Wenn Du Dich für Computergeschichte interessierst, lohnt sich ein Blick ins Oldenburger Computer-Museum ganz besonders. Das Museum gehört zu den Orten, die nicht laut auftreten müssen, um Eindruck zu hinterlassen und bietet ab April eine Sonderausstellung unter dem Motto „50 Jahre Apple Computer“. Seit vielen Jahren wird dort Technik nicht nur ausgestellt, sondern lebendig gehalten. Geräte stehen nicht hinter Glas, sondern oft betriebsbereit auf Tischen – so, wie sie früher tatsächlich genutzt wurden.

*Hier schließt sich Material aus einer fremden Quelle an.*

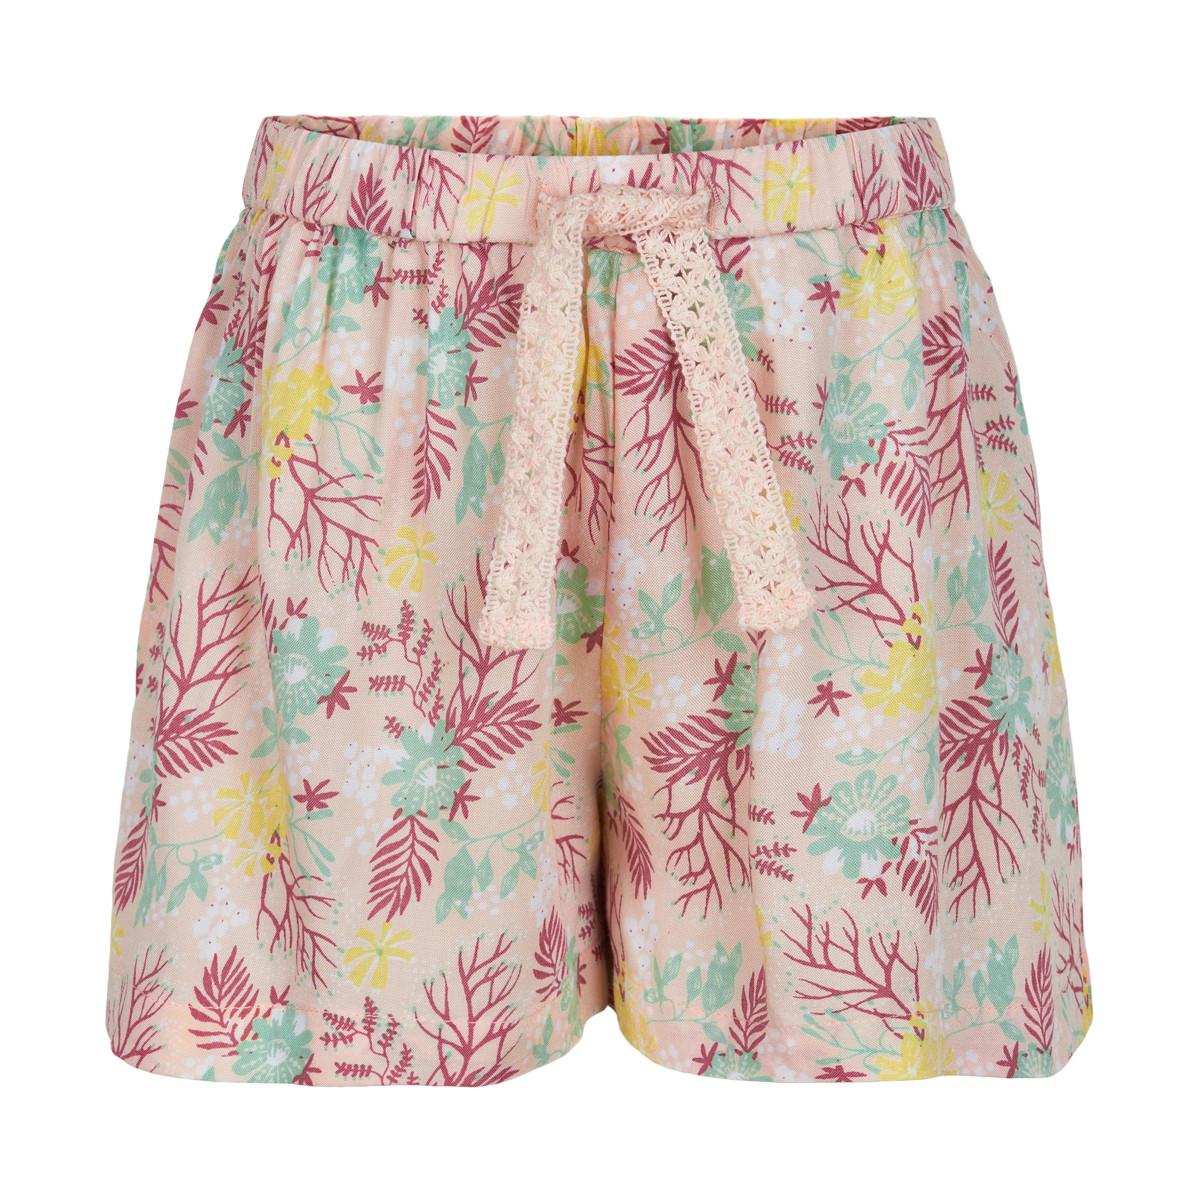 Minymo   Shorts   4y-14y   141269-5309

Gerade das macht den Unterschied. Du siehst dort nicht einfach alte Computer, sondern Du bekommst ein Gefühl dafür, wie sich Arbeiten, Spielen und Denken mit diesen Maschinen angefühlt hat. Von frühen Heimcomputern über klassische Bürorechner bis hin zu besonderen Einzelstücken ist alles vertreten – sorgfältig gesammelt, gepflegt und vor allem verständlich eingeordnet.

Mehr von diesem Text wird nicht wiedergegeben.